FXJ Wiki

Back

How MySQL Preserves Consistency: Transactions, Locks, MVCC, and Logs
30 min read
English interview prep / mysql / log / lock

How MySQL Preserves Consistency: Transactions, Locks, MVCC, and Logs

Previously recorded content about MySQL in Apple Notes
views | comments

Content Included#

  • MySQL Transactions and Logs

MySQL Transactions, Locks, MVCC, and Logs#

Transactions#

ACID Properties#

The ACID properties and how they are guaranteed.

  • Atomicity: Guaranteed by undo log.
  • Consistency: Guaranteed by the other three properties.
  • Isolation: Guaranteed by locking mechanisms / MVCC.
  • Durability: Guaranteed by redo log.

Transaction Isolation Levels#

  1. Read Uncommitted: Changes made by a transaction before it commits can be seen by other transactions.
  2. Read Committed: Changes made by a transaction can only be seen by other transactions after it commits.
  3. Repeatable Read: Data seen during a transaction’s execution is consistent with the data seen when the transaction started. This is the default isolation level for MySQL’s InnoDB engine.
  4. Serializable: Acquires read and write locks on records. When multiple transactions perform read/write operations on a record and a read-write conflict occurs, subsequent transactions must wait for the previous transaction to complete before continuing execution.

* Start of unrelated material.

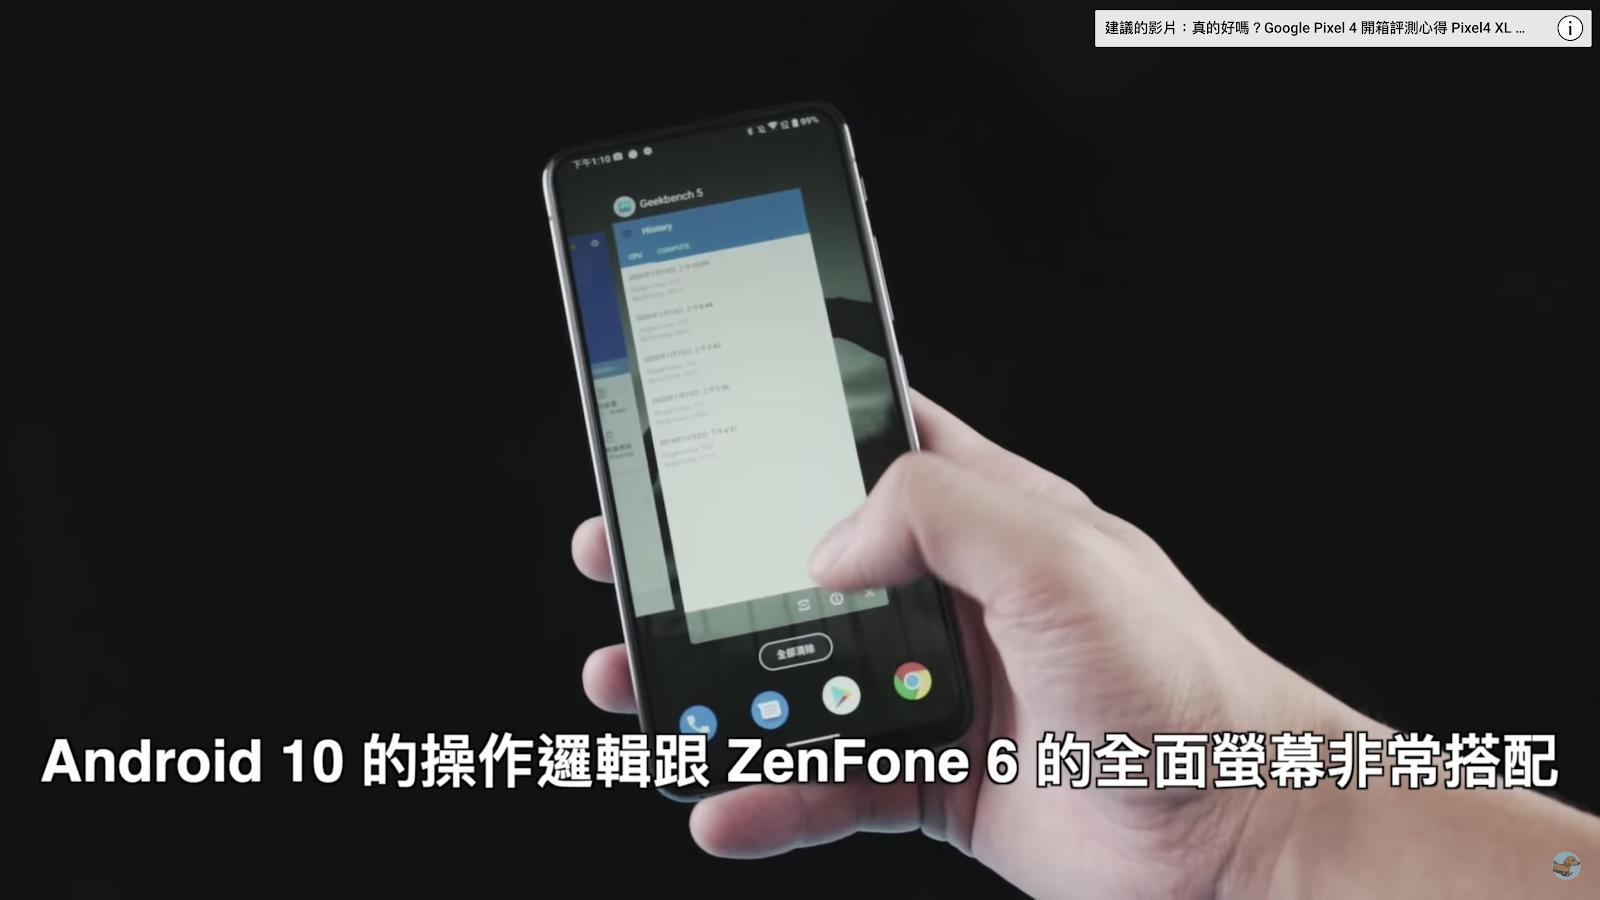 ZenFone 6 使用六個月心得 - 5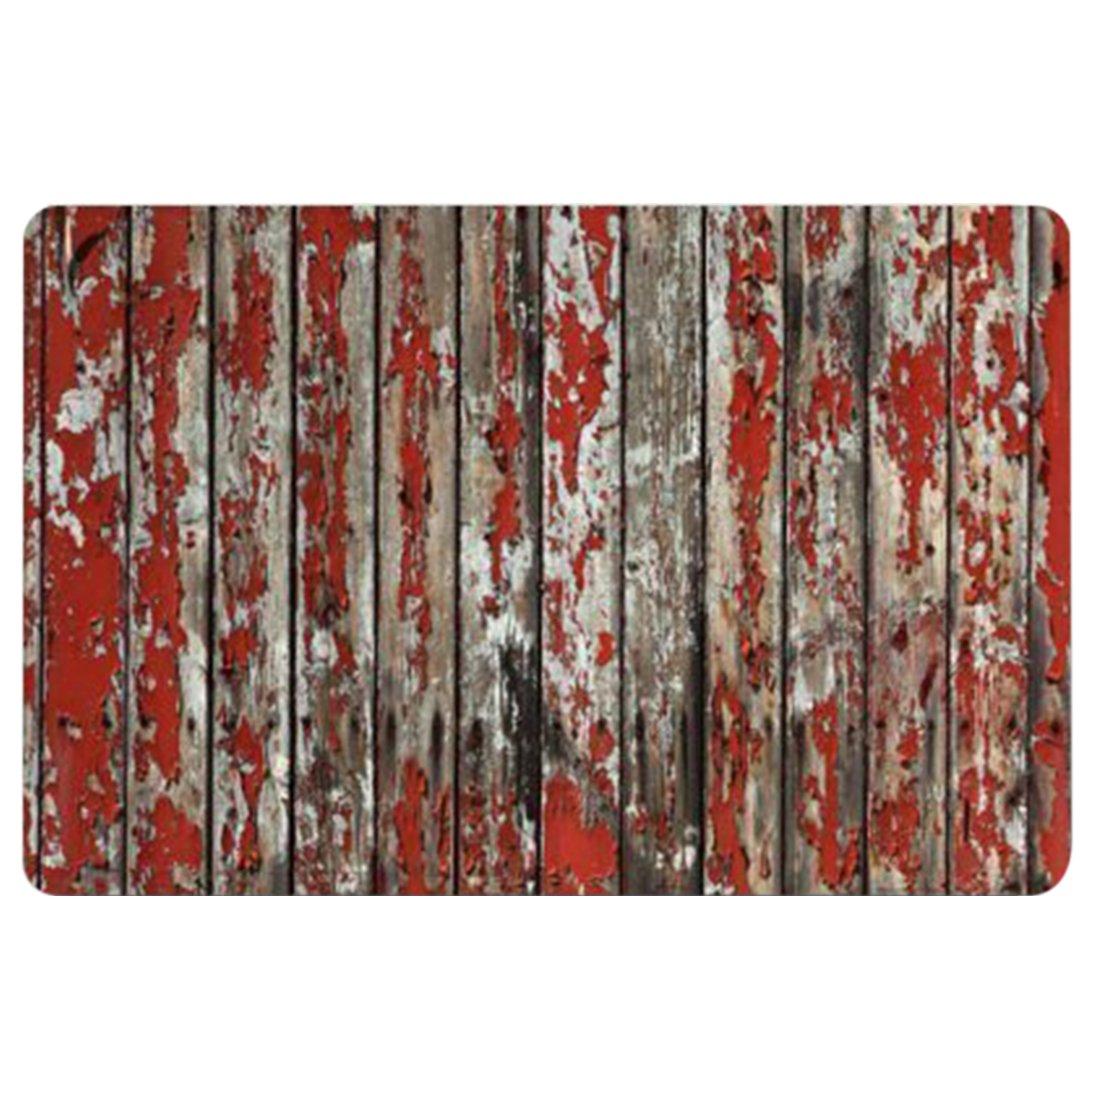 Doormat, Wood,Rustic Old Barn Wood Indoor/Kitchen/Bathroom Mats Rubber Non Slip Door Mats,Red Grey 18x30inch

Generally speaking, using Repeatable Read (the default) can largely avoid phantom read issues (though they can still occur). The Serializable isolation level impacts performance. Phantom reads are basically resolved through the following two methods:

  1. For ordinary SELECT statements (snapshot reads), MVCC resolves phantom reads.
  2. For SELECT…FOR UPDATE statements (current reads), next-key locks (record lock + gap lock) resolve phantom reads.

Implementation methods:

  • For the Read Uncommitted isolation level, because uncommitted changes from other transactions can be read, the latest data is read directly.
  • For the Serializable isolation level, concurrent access is prevented by adding read/write locks.
  • For the Read Committed and Repeatable Read isolation levels, they are implemented using Read Views. Their difference lies in when the Read View is created. Think of a Read View as a data snapshot, like a camera capturing the scenery at a specific moment. The Read Committed isolation level re-generates a Read View before each statement execution, whereas the Repeatable Read isolation level generates a Read View when the transaction starts and uses it throughout the entire transaction.

Commands to start a transaction in MySQL:

  1. BEGIN / START TRANSACTION: The transaction is not truly considered started until the first SELECT statement is executed.
  2. START TRANSACTION WITH CONSISTENT SNAPSHOT: Starts the transaction immediately.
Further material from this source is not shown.